= Input data =
※

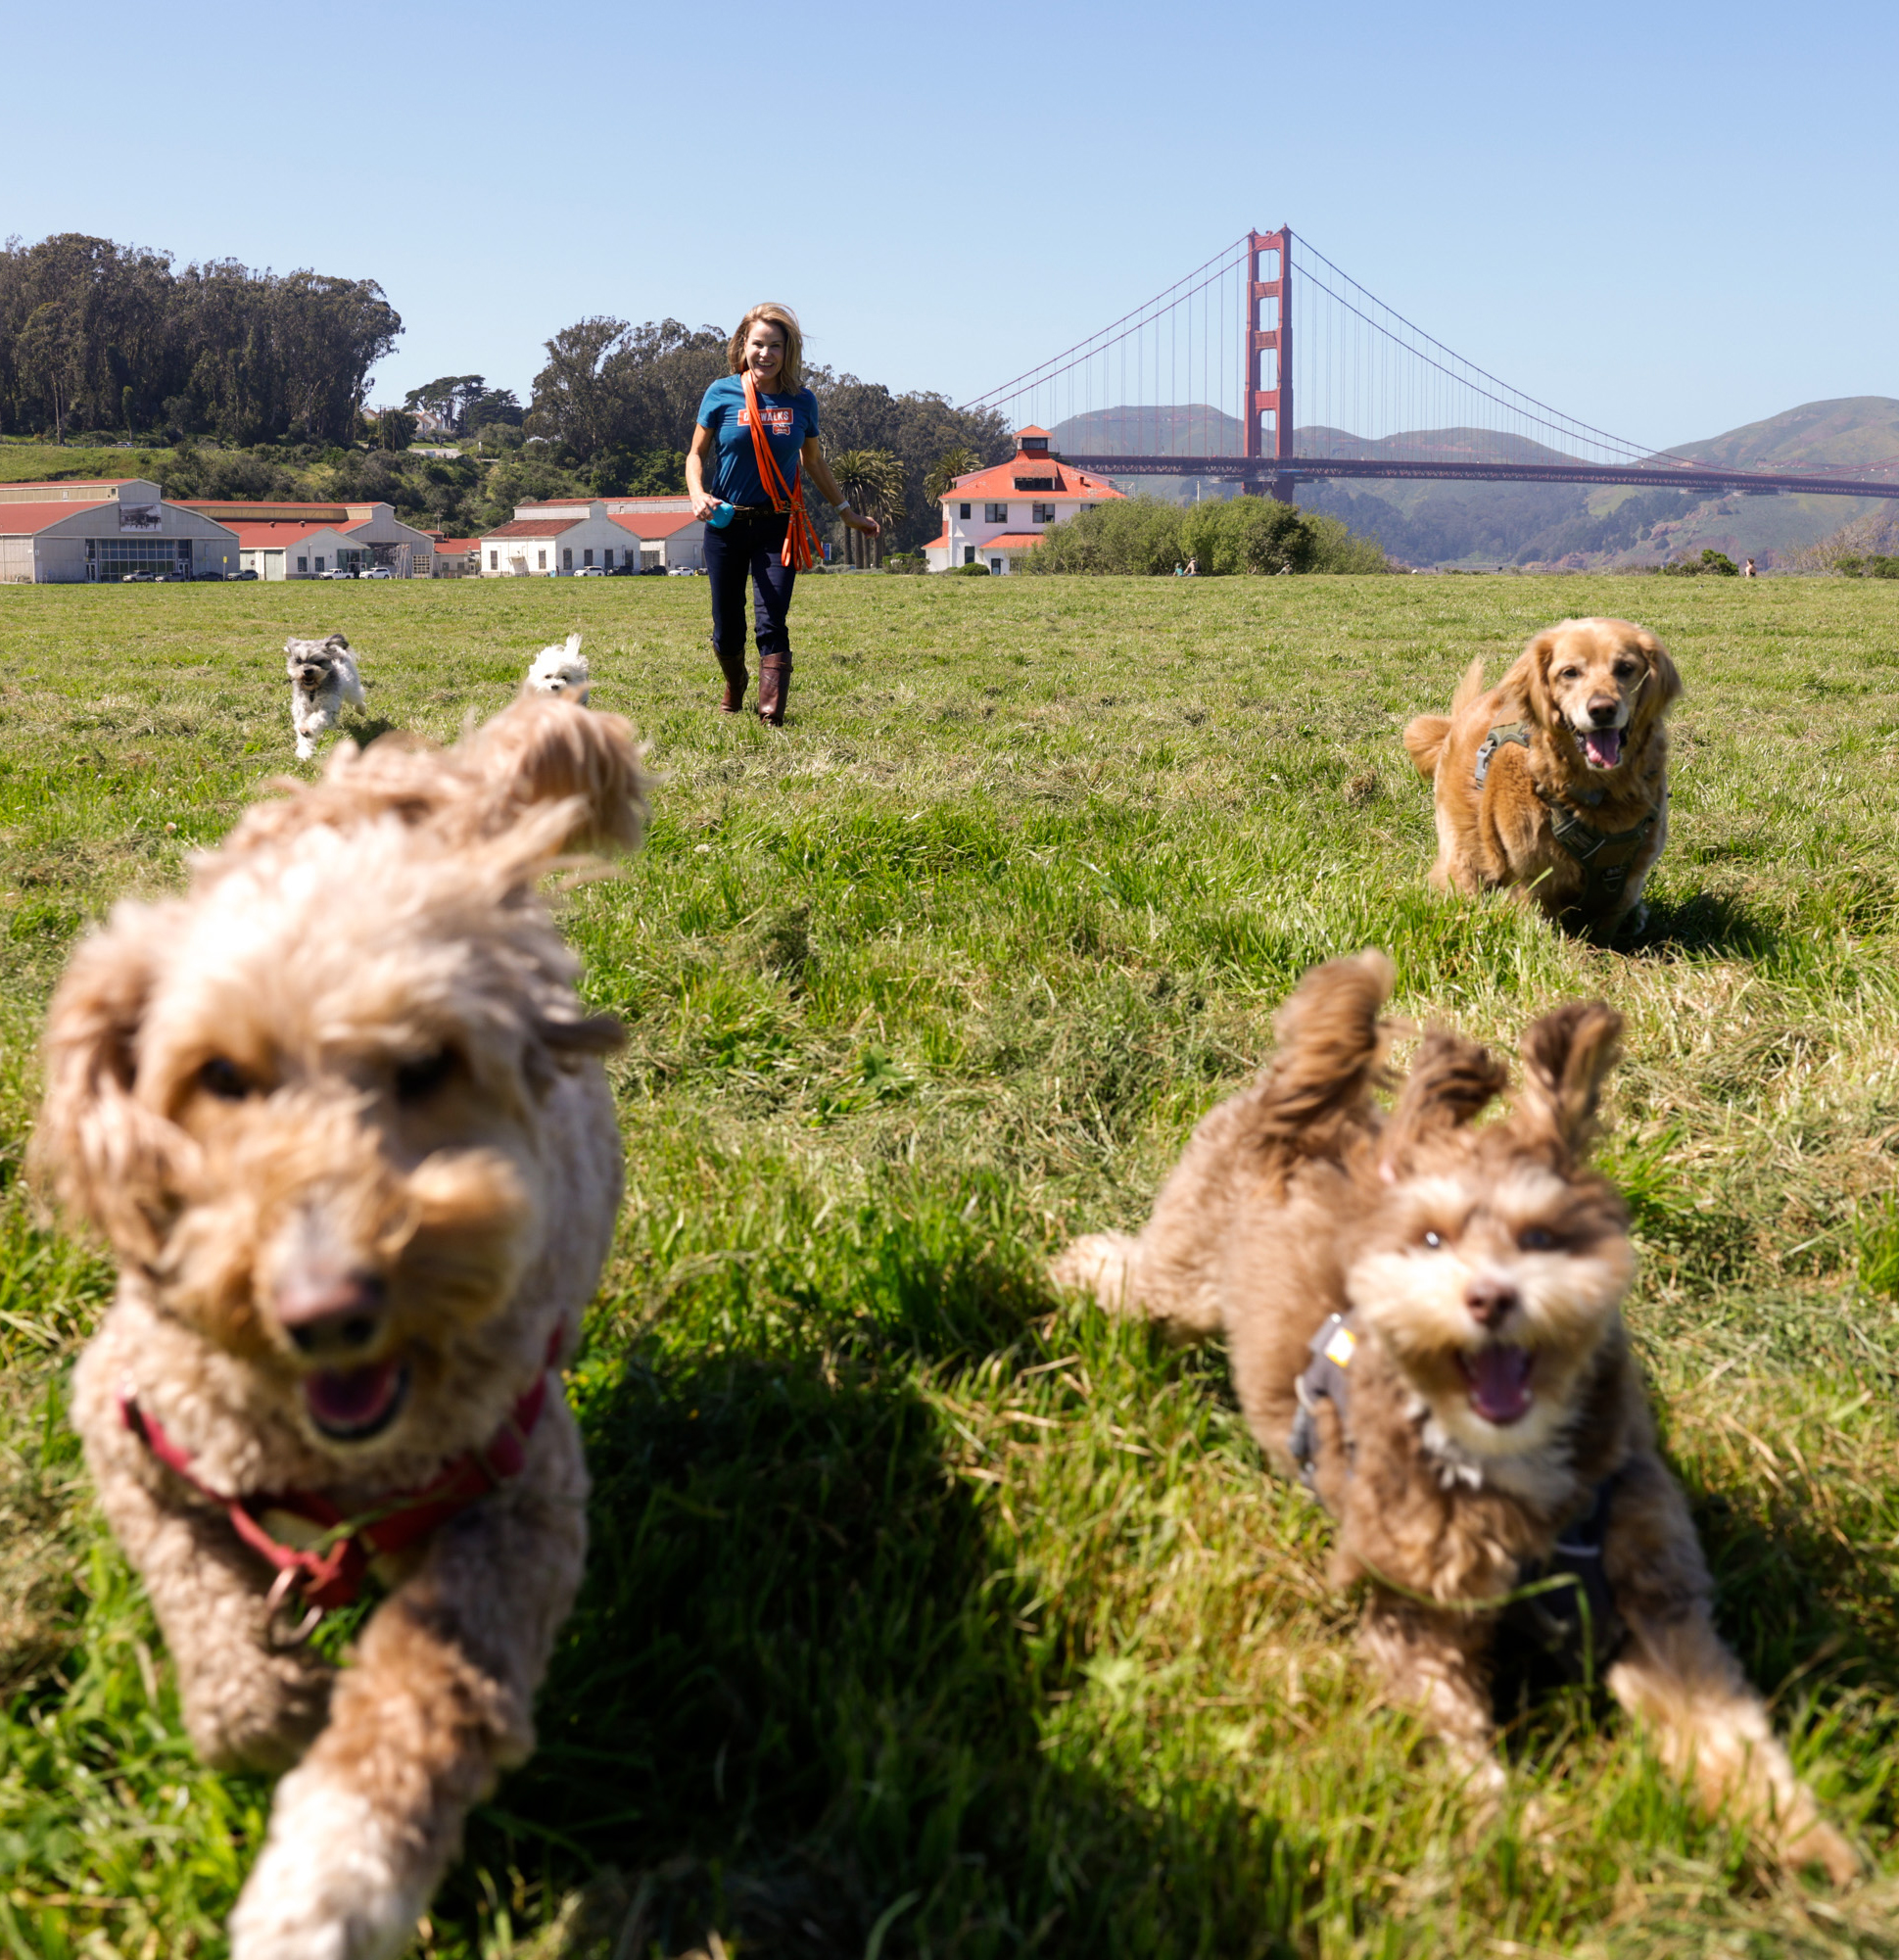 A person walks several dogs in a grassy field with the Golden Gate Bridge in the background.
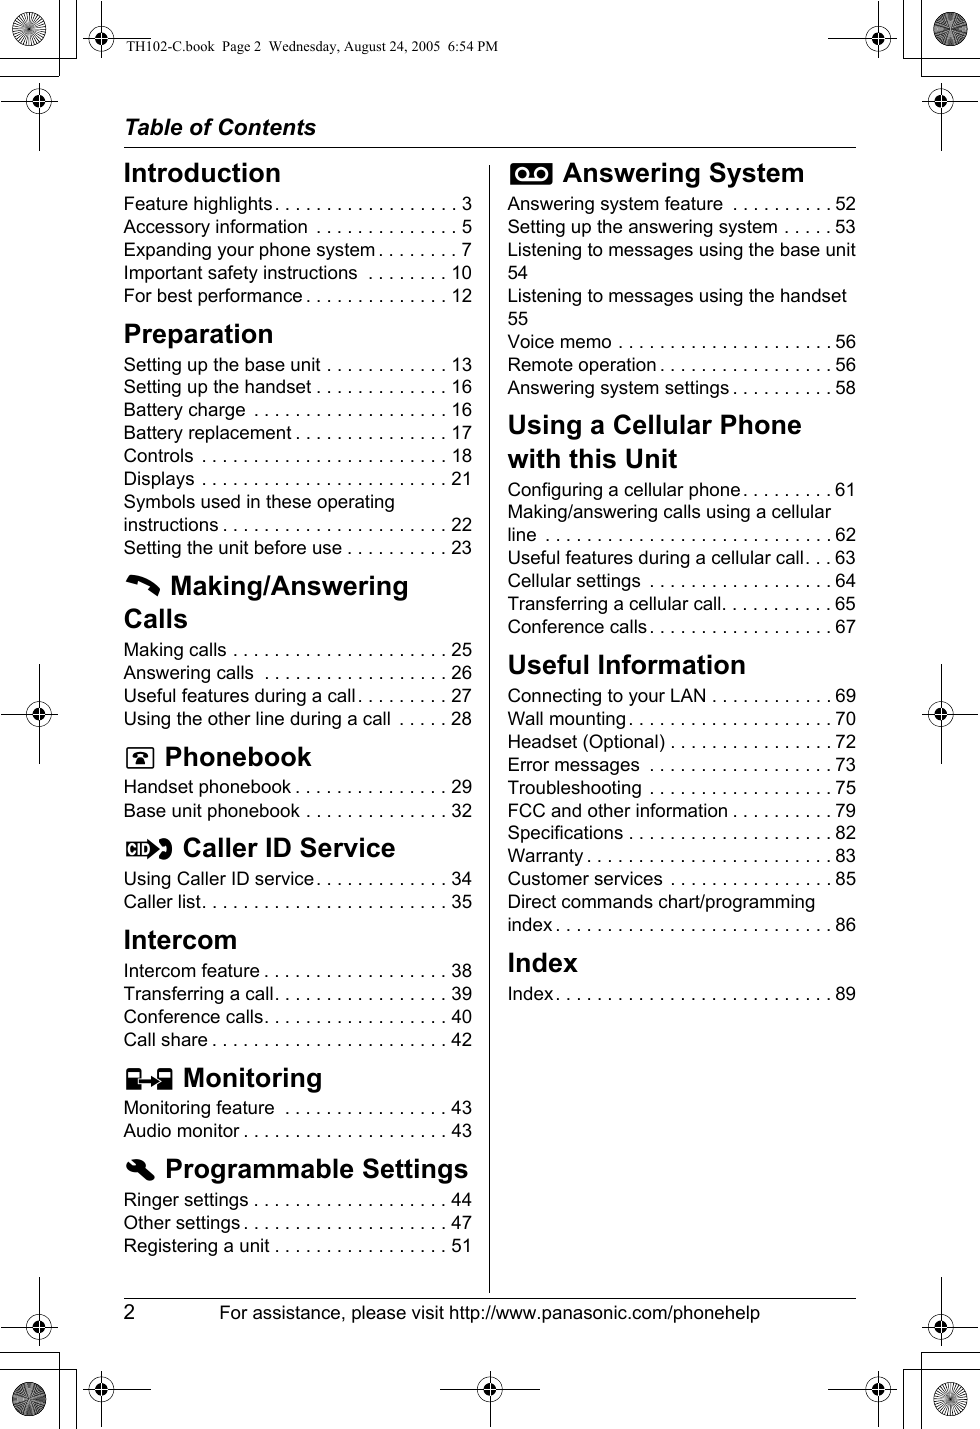 Table of Contents2For assistance, please visit http://www.panasonic.com/phonehelpIntroductionFeature highlights. . . . . . . . . . . . . . . . . . 3Accessory information  . . . . . . . . . . . . . . 5Expanding your phone system . . . . . . . . 7Important safety instructions  . . . . . . . . 10For best performance . . . . . . . . . . . . . . 12PreparationSetting up the base unit . . . . . . . . . . . . 13Setting up the handset . . . . . . . . . . . . . 16Battery charge  . . . . . . . . . . . . . . . . . . . 16Battery replacement . . . . . . . . . . . . . . . 17Controls  . . . . . . . . . . . . . . . . . . . . . . . . 18Displays . . . . . . . . . . . . . . . . . . . . . . . . 21Symbols used in these operating instructions . . . . . . . . . . . . . . . . . . . . . . 22Setting the unit before use . . . . . . . . . . 23C Making/Answering CallsMaking calls . . . . . . . . . . . . . . . . . . . . . 25Answering calls  . . . . . . . . . . . . . . . . . . 26Useful features during a call. . . . . . . . . 27Using the other line during a call  . . . . . 28q PhonebookHandset phonebook . . . . . . . . . . . . . . . 29Base unit phonebook . . . . . . . . . . . . . . 32G Caller ID ServiceUsing Caller ID service. . . . . . . . . . . . . 34Caller list. . . . . . . . . . . . . . . . . . . . . . . . 35IntercomIntercom feature . . . . . . . . . . . . . . . . . . 38Transferring a call. . . . . . . . . . . . . . . . . 39Conference calls. . . . . . . . . . . . . . . . . . 40Call share . . . . . . . . . . . . . . . . . . . . . . . 42H MonitoringMonitoring feature  . . . . . . . . . . . . . . . . 43Audio monitor . . . . . . . . . . . . . . . . . . . . 43h Programmable SettingsRinger settings . . . . . . . . . . . . . . . . . . . 44Other settings . . . . . . . . . . . . . . . . . . . . 47Registering a unit . . . . . . . . . . . . . . . . . 51i Answering SystemAnswering system feature  . . . . . . . . . . 52Setting up the answering system . . . . . 53Listening to messages using the base unit54Listening to messages using the handset55Voice memo . . . . . . . . . . . . . . . . . . . . . 56Remote operation . . . . . . . . . . . . . . . . . 56Answering system settings . . . . . . . . . . 58Using a Cellular Phone with this UnitConfiguring a cellular phone . . . . . . . . . 61Making/answering calls using a cellular line  . . . . . . . . . . . . . . . . . . . . . . . . . . . . 62Useful features during a cellular call. . . 63Cellular settings  . . . . . . . . . . . . . . . . . . 64Transferring a cellular call. . . . . . . . . . . 65Conference calls. . . . . . . . . . . . . . . . . . 67Useful InformationConnecting to your LAN . . . . . . . . . . . . 69Wall mounting. . . . . . . . . . . . . . . . . . . . 70Headset (Optional) . . . . . . . . . . . . . . . . 72Error messages  . . . . . . . . . . . . . . . . . . 73Troubleshooting . . . . . . . . . . . . . . . . . . 75FCC and other information . . . . . . . . . . 79Specifications . . . . . . . . . . . . . . . . . . . . 82Warranty . . . . . . . . . . . . . . . . . . . . . . . . 83Customer services . . . . . . . . . . . . . . . . 85Direct commands chart/programming index . . . . . . . . . . . . . . . . . . . . . . . . . . . 86IndexIndex. . . . . . . . . . . . . . . . . . . . . . . . . . . 89TH102-C.book  Page 2  Wednesday, August 24, 2005  6:54 PM
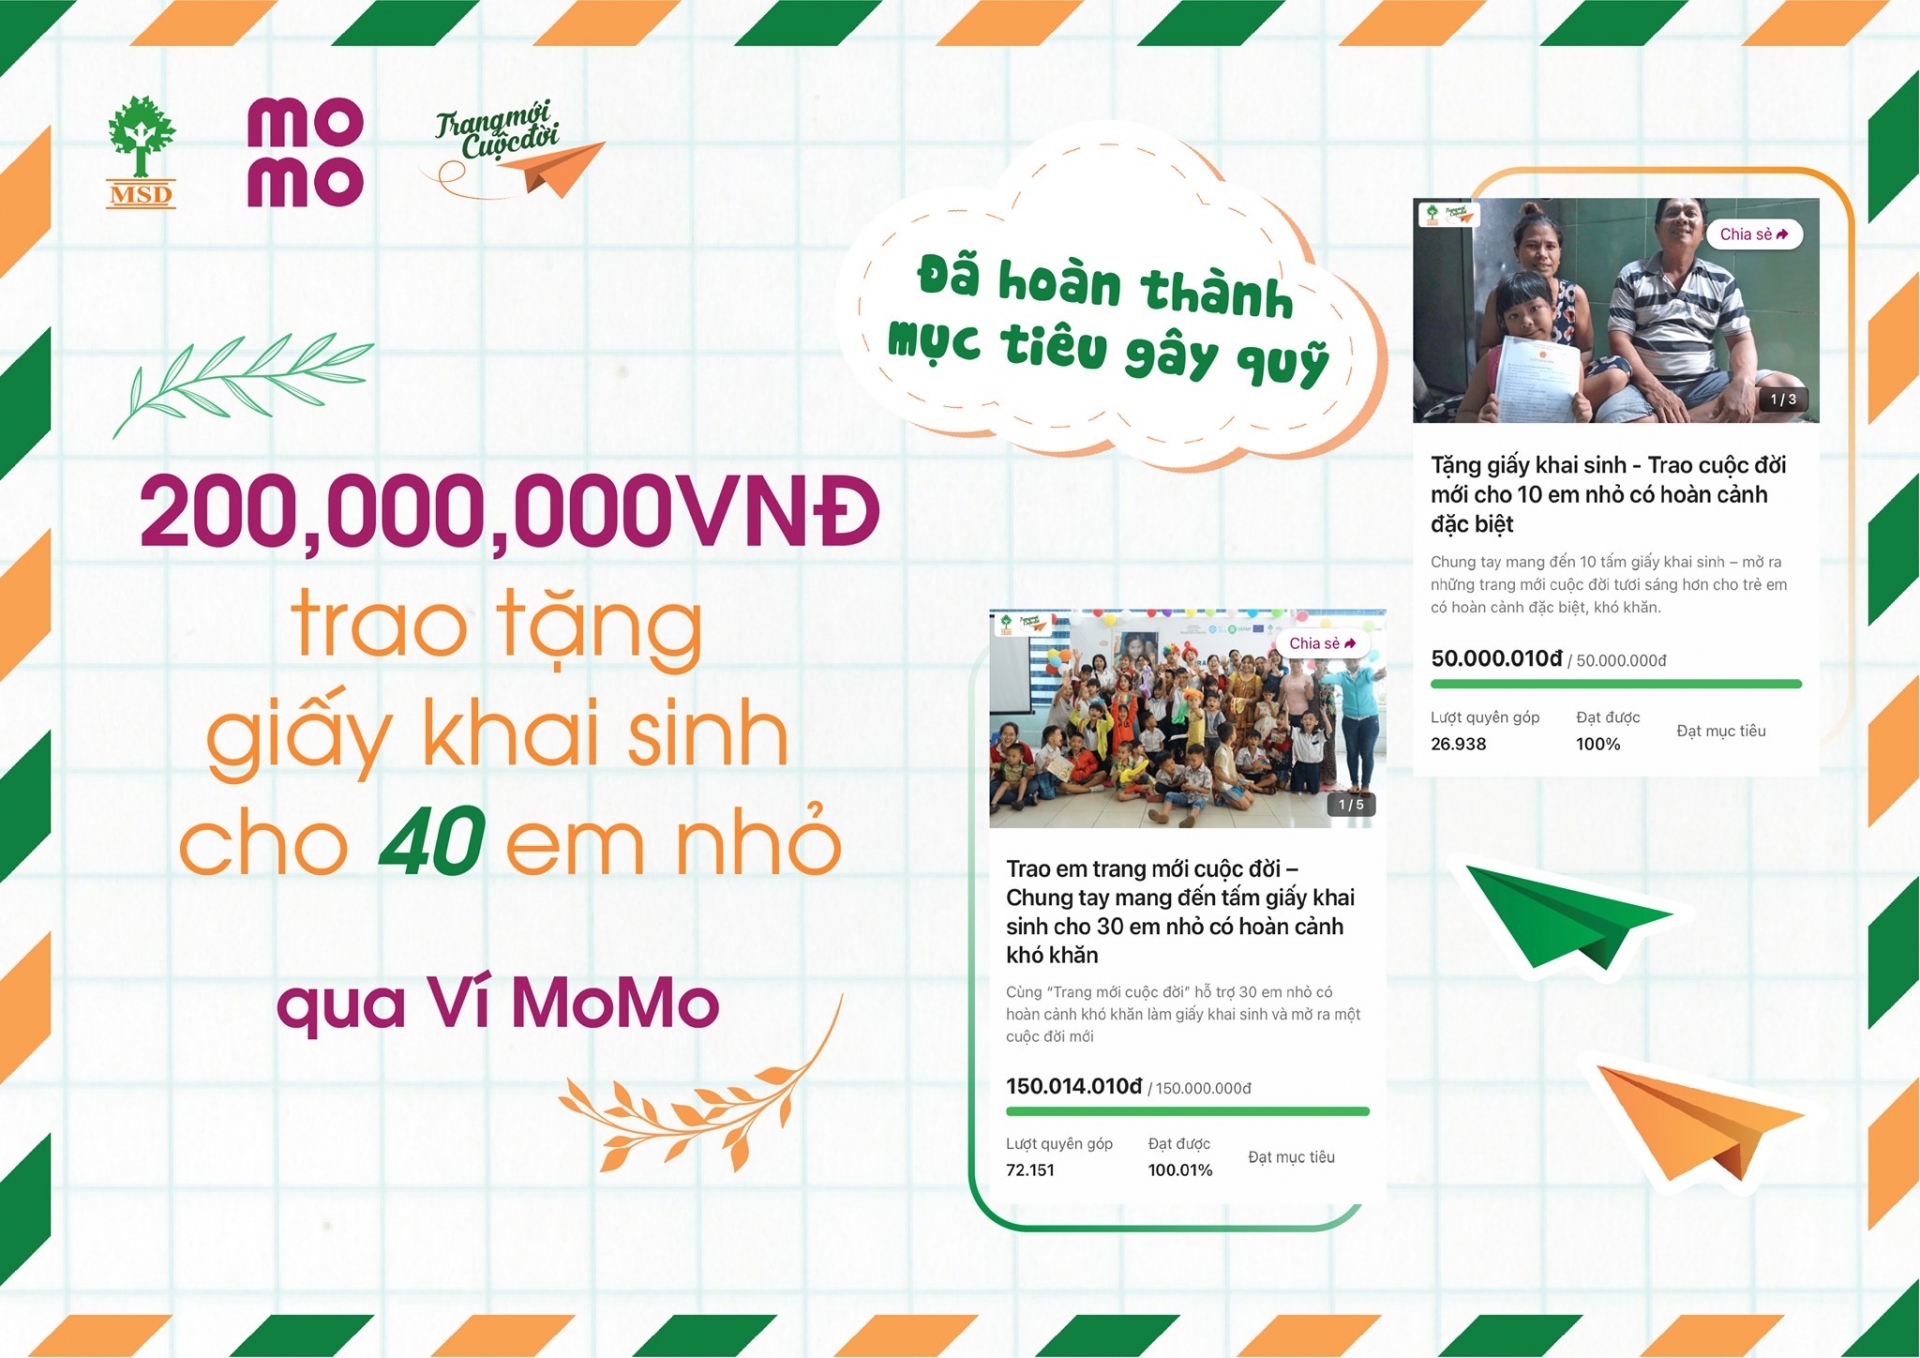 MoMo, NGO helps disadvantaged children in HCM City get personal documents

※

= What you need to do =
The reply must consist of the complete listing, reproduced exactly, with no images.

= Written answer =
 A person walks several dogs in a grassy field with the Golden Gate Bridge in the background.
 Table of Contents2For assistance, please visit http://www.panasonic.com/phonehelpIntroductionFeature highlights. . . . . . . . . . . . . . . . . . 3Accessory information  . . . . . . . . . . . . . . 5Expanding your phone system . . . . . . . . 7Important safety instructions  . . . . . . . . 10For best performance . . . . . . . . . . . . . . 12PreparationSetting up the base unit . . . . . . . . . . . . 13Setting up the handset . . . . . . . . . . . . . 16Battery charge  . . . . . . . . . . . . . . . . . . . 16Battery replacement . . . . . . . . . . . . . . . 17Controls  . . . . . . . . . . . . . . . . . . . . . . . . 18Displays . . . . . . . . . . . . . . . . . . . . . . . . 21Symbols used in these operating instructions . . . . . . . . . . . . . . . . . . . . . . 22Setting the unit before use . . . . . . . . . . 23C Making/Answering CallsMaking calls . . . . . . . . . . . . . . . . . . . . . 25Answering calls  . . . . . . . . . . . . . . . . . . 26Useful features during a call. . . . . . . . . 27Using the other line during a call  . . . . . 28q PhonebookHandset phonebook . . . . . . . . . . . . . . . 29Base unit phonebook . . . . . . . . . . . . . . 32G Caller ID ServiceUsing Caller ID service. . . . . . . . . . . . . 34Caller list. . . . . . . . . . . . . . . . . . . . . . . . 35IntercomIntercom feature . . . . . . . . . . . . . . . . . . 38Transferring a call. . . . . . . . . . . . . . . . . 39Conference calls. . . . . . . . . . . . . . . . . . 40Call share . . . . . . . . . . . . . . . . . . . . . . . 42H MonitoringMonitoring feature  . . . . . . . . . . . . . . . . 43Audio monitor . . . . . . . . . . . . . . . . . . . . 43h Programmable SettingsRinger settings . . . . . . . . . . . . . . . . . . . 44Other settings . . . . . . . . . . . . . . . . . . . . 47Registering a unit . . . . . . . . . . . . . . . . . 51i Answering SystemAnswering system feature  . . . . . . . . . . 52Setting up the answering system . . . . . 53Listening to messages using the base unit54Listening to messages using the handset55Voice memo . . . . . . . . . . . . . . . . . . . . . 56Remote operation . . . . . . . . . . . . . . . . . 56Answering system settings . . . . . . . . . . 58Using a Cellular Phone with this UnitConfiguring a cellular phone . . . . . . . . . 61Making/answering calls using a cellular line  . . . . . . . . . . . . . . . . . . . . . . . . . . . . 62Useful features during a cellular call. . . 63Cellular settings  . . . . . . . . . . . . . . . . . . 64Transferring a cellular call. . . . . . . . . . . 65Conference calls. . . . . . . . . . . . . . . . . . 67Useful InformationConnecting to your LAN . . . . . . . . . . . . 69Wall mounting. . . . . . . . . . . . . . . . . . . . 70Headset (Optional) . . . . . . . . . . . . . . . . 72Error messages  . . . . . . . . . . . . . . . . . . 73Troubleshooting . . . . . . . . . . . . . . . . . . 75FCC and other information . . . . . . . . . . 79Specifications . . . . . . . . . . . . . . . . . . . . 82Warranty . . . . . . . . . . . . . . . . . . . . . . . . 83Customer services . . . . . . . . . . . . . . . . 85Direct commands chart/programming index . . . . . . . . . . . . . . . . . . . . . . . . . . . 86IndexIndex. . . . . . . . . . . . . . . . . . . . . . . . . . . 89TH102-C.book  Page 2  Wednesday, August 24, 2005  6:54 PM
 MoMo, NGO helps disadvantaged children in HCM City get personal documents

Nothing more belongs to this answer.